At least not when they knew where to find each other, Colin thought, more weary than bitter. Even as he thought it Kivrin returned to his side and took his arm again, and then Colin saw a familiar figure step out of the crowd. Dr. Ishiwaka had come up from London.

Colin felt defeated just looking at him, knowing that he would have heard by now that the drop had not opened on time, that the continuum had killed Michael, which was, of course, a data point in favor of Ishiwaka's theory. The chance Colin had held out to Mrs. Davies--the hope of making Michael's death mean something, like Faulknor's--seemed to shrivel to nothing at the mere sight of the man. Michael's death was a nail in Polly's coffin, in Merope's, in Mr. Dunworthy's.

Colin wanted to turn away, though there was nowhere to go; Mr. and Mrs. Davies were both crying now, and Finch was hovering near them while the pallbearers waited stoically at the gates. But even as Colin looked around Ishiwaka raised a hand and lengthened his stride, all but running through the crowd toward Colin, and Colin knew there was no escaping this.

"Colin," he called out, shaking his head while he was still a meter away. "Colin, it's not what you think."

Colin frowned. "How could it not be--"

Ishiwaka darted a glance toward the Davieses, caught Colin's elbow and towed him a few meters away.

"Tell me," Ishiwaka said, frowning the same frown he'd had when he took Colin implacably through his projections for the first time, years ago. "I was told--is it true that Davies was speaking to you while the drop didn't open?"

Colin stared down at the pavement and nodded. "He insisted on telling me everything he could, while he could."

"About events during the embargoed period?"

Colin looked up at the urgency of Ishiwaka's voice and saw something unfamiliar on his face. It looked like hope; it looked like Colin had felt, when Michael told him Polly was alive.

"Don't you see," Ishiwaka said. "That means information escaped the embargoed period, Colin. If the drop had opened on time he'd have been rushed into medical care, and he might still not have survived. The information wouldn't have made it out to us.

"You never consulted me about what I projected would happen to you if you attempted this retrieval--"

Colin looked away. Of course he hadn't; Ishiwaka would have told him it was futile.

"No, listen to me, I would have told you that if you attempted it, if you succeeded in making contact with any of them, you would also be trapped or killed."

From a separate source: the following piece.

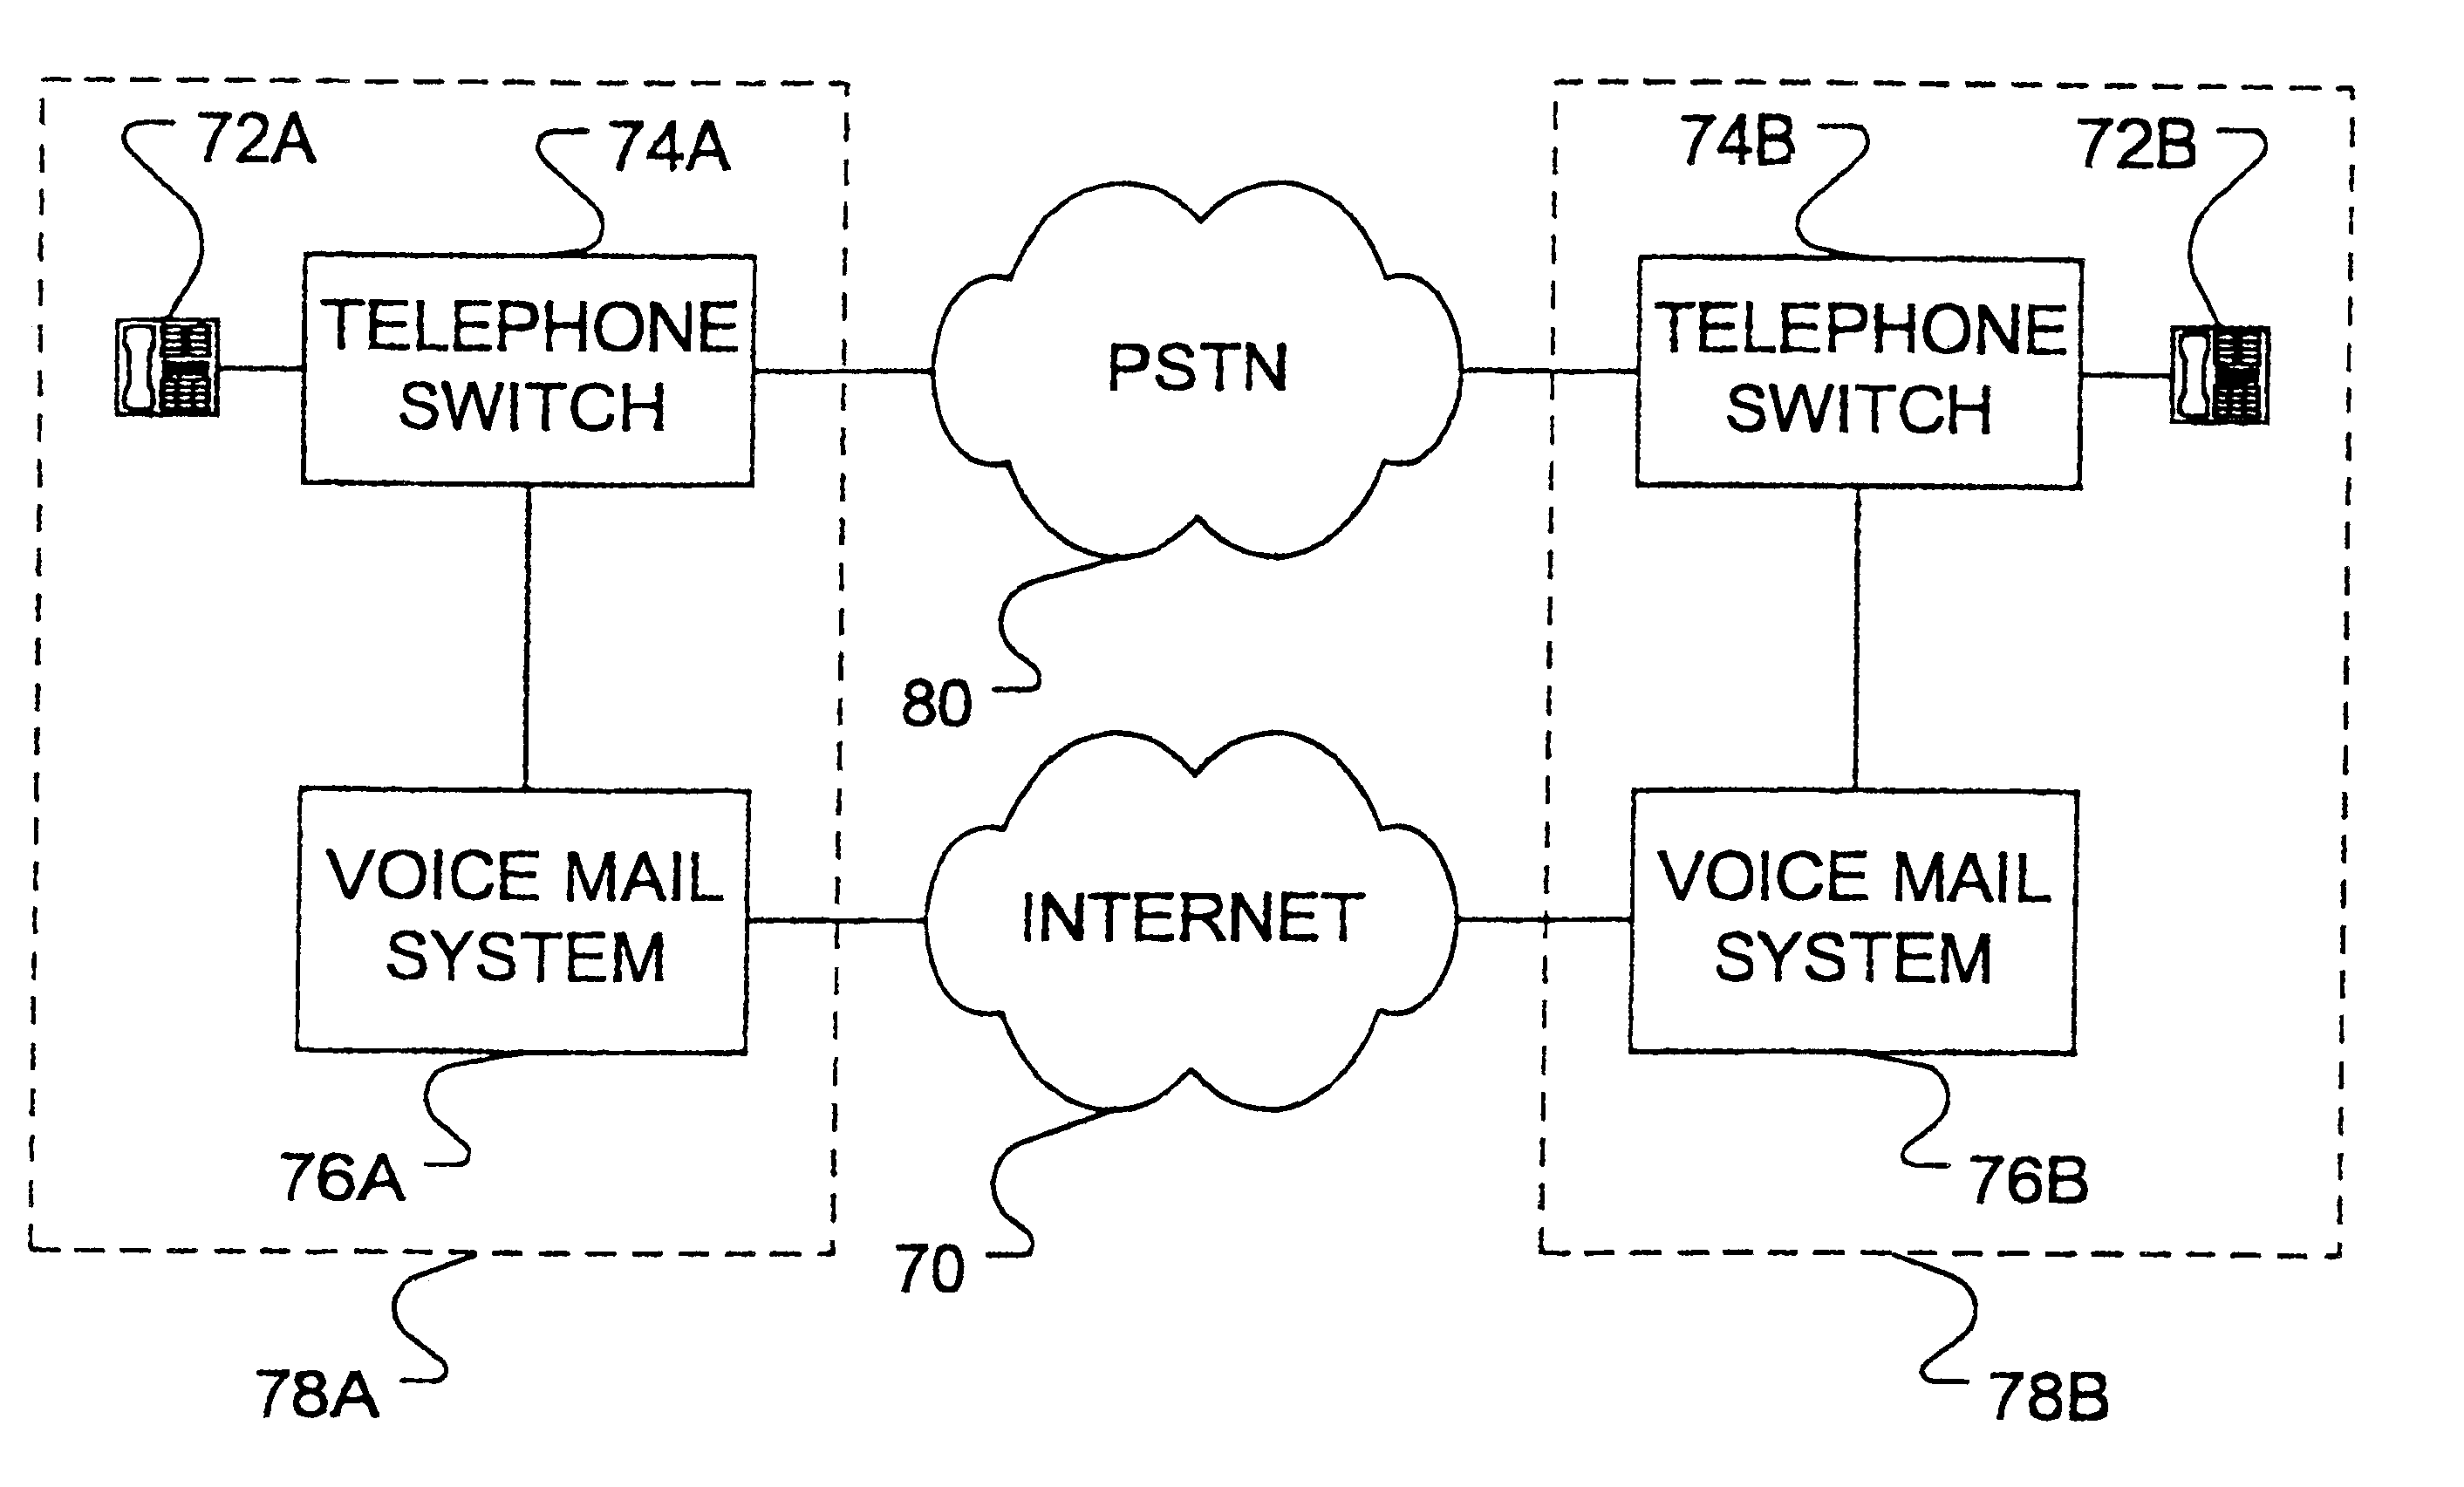 Message transfer system

Colin looked back sharply.

"That's what the theory calls for," Ishiwaka said, shaking Colin slightly by his grip on Colin's elbow. "Not Davies being able to speak to you, not you making it back safely. Don't you see, Colin? This is entirely new data. I don't know what it means. I don't know."

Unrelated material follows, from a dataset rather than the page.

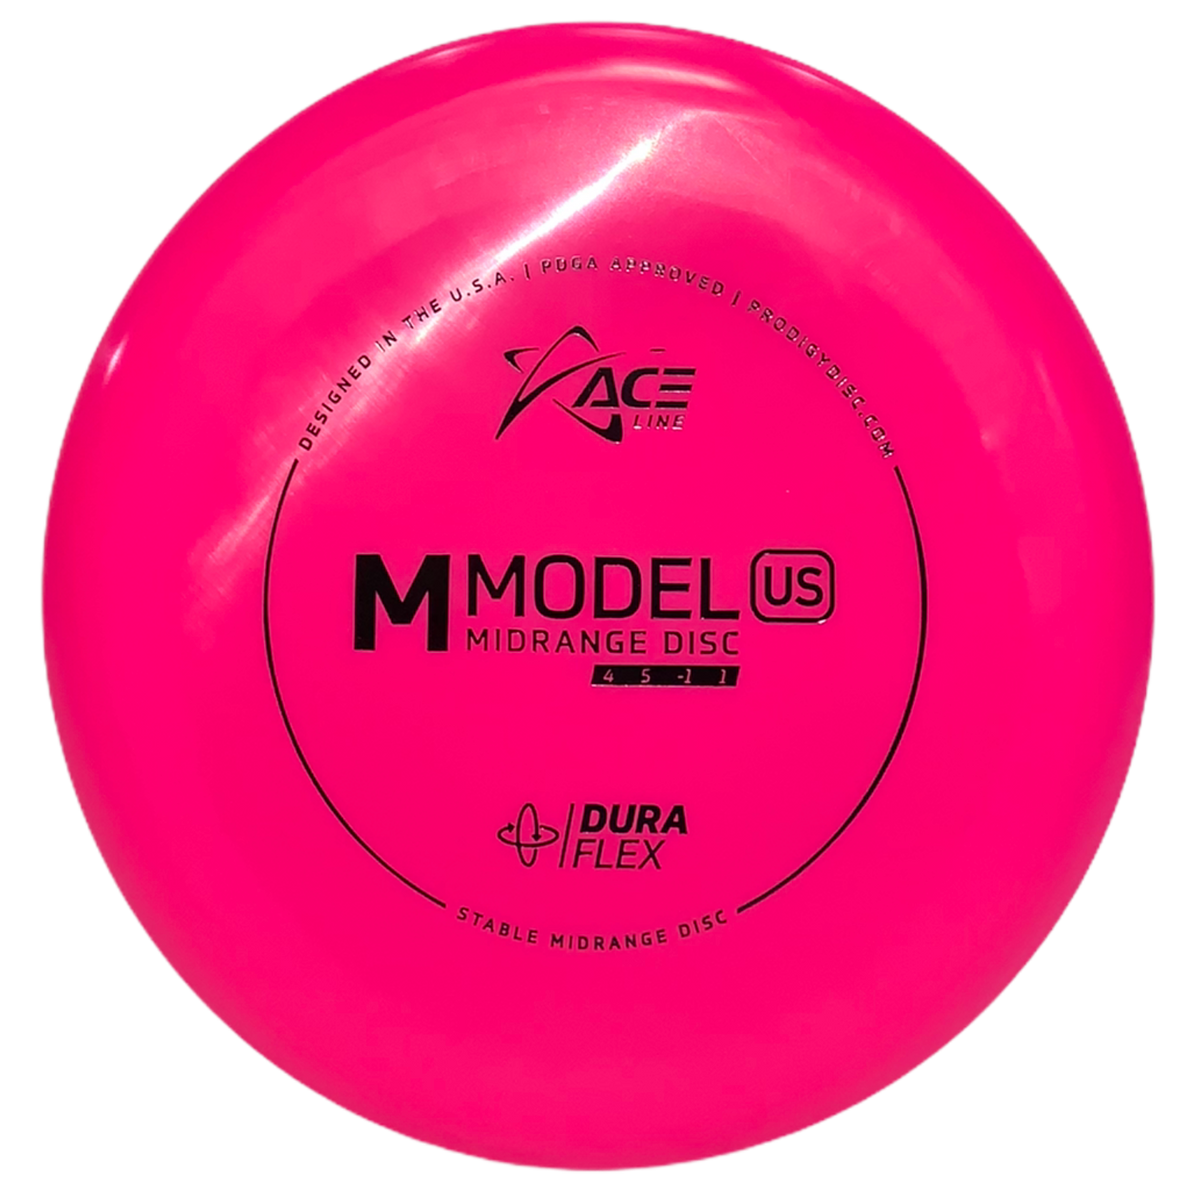 Prodigy Ace Line Duraflex M Model US

Colin opened and closed his mouth a couple of times. He had the sudden, slightly surreal feeling he'd gotten a few times before when returning from a drop. Everything was sharp-edged and beautiful in light of the knowledge of being at the leading edge of time, of stepping out of the confines of history. He didn't know what would happen next. He could change everything.

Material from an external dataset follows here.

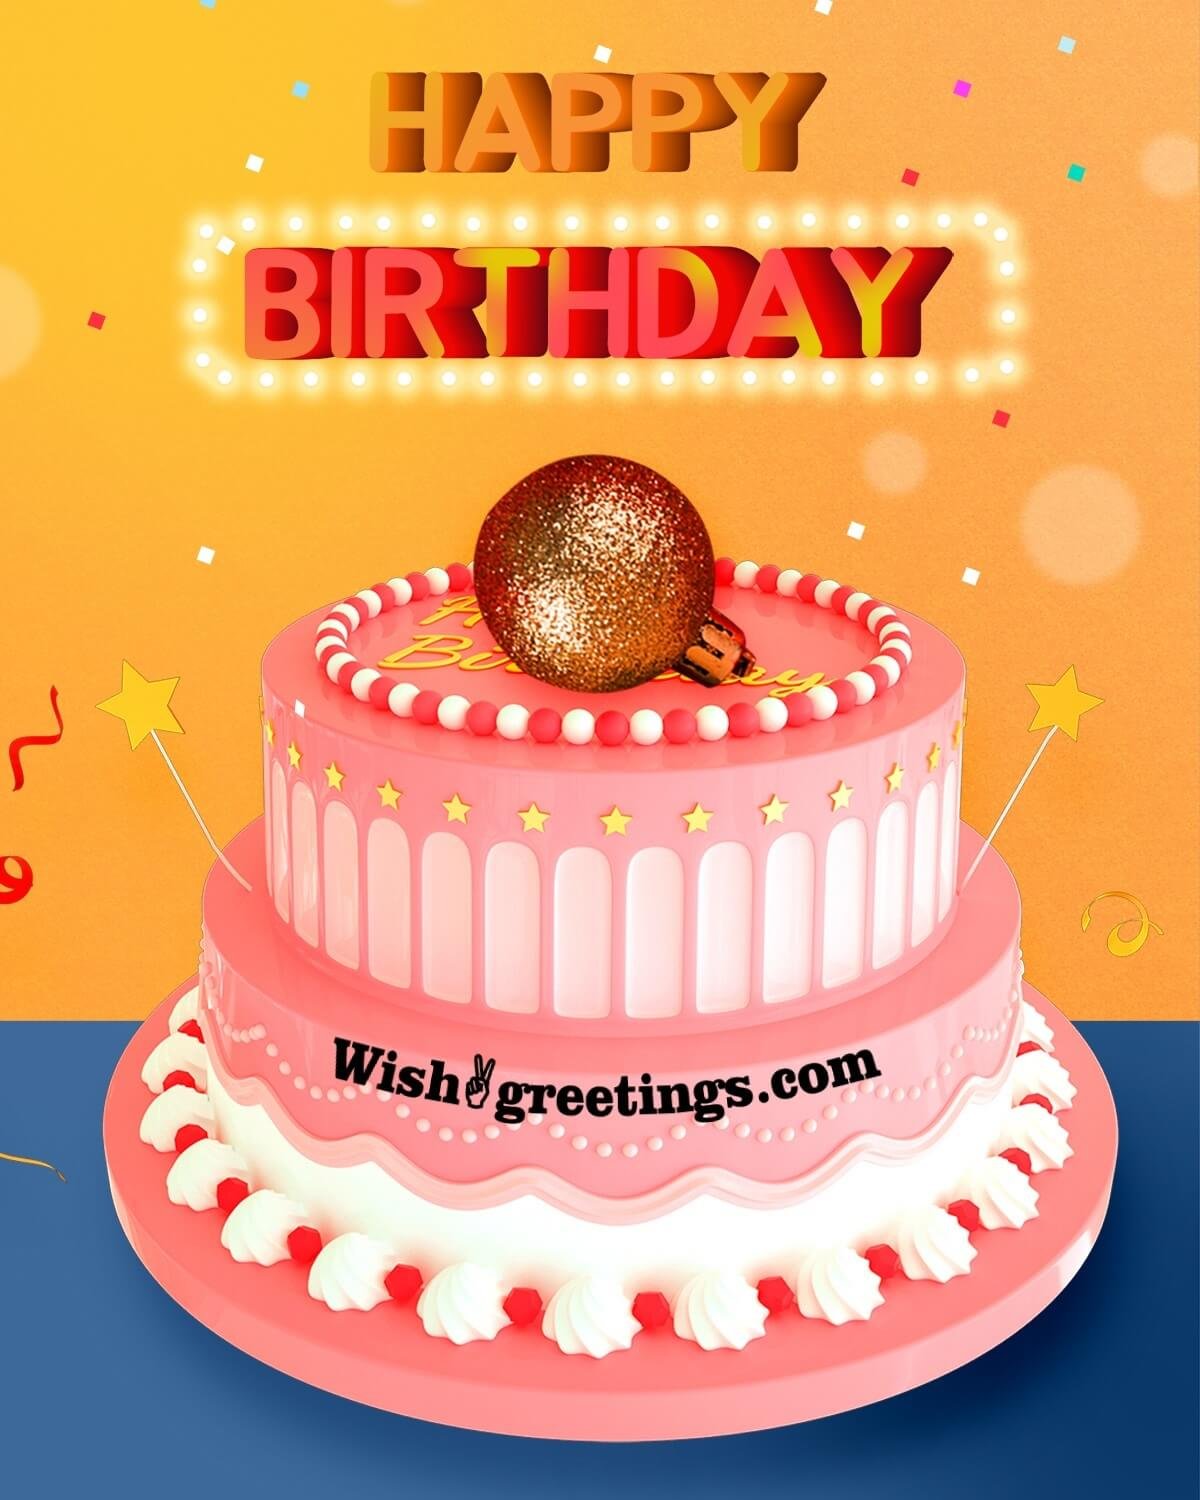 Happy Birthday Wishes Cake Images - Wish Greetings

He was grinning, but his vision was blurring with tears again. Ishiwaka looked a little concerned and offered a handkerchief, but Colin shook his head as he took it, fighting down his smile enough to say, "I'm going back for Polly. I know where she is. If you--if this is--maybe I can get to her. Maybe I can bring her home."

Ishiwaka nodded, looking delighted, like he understood exactly how Colin felt. "Anything is possible."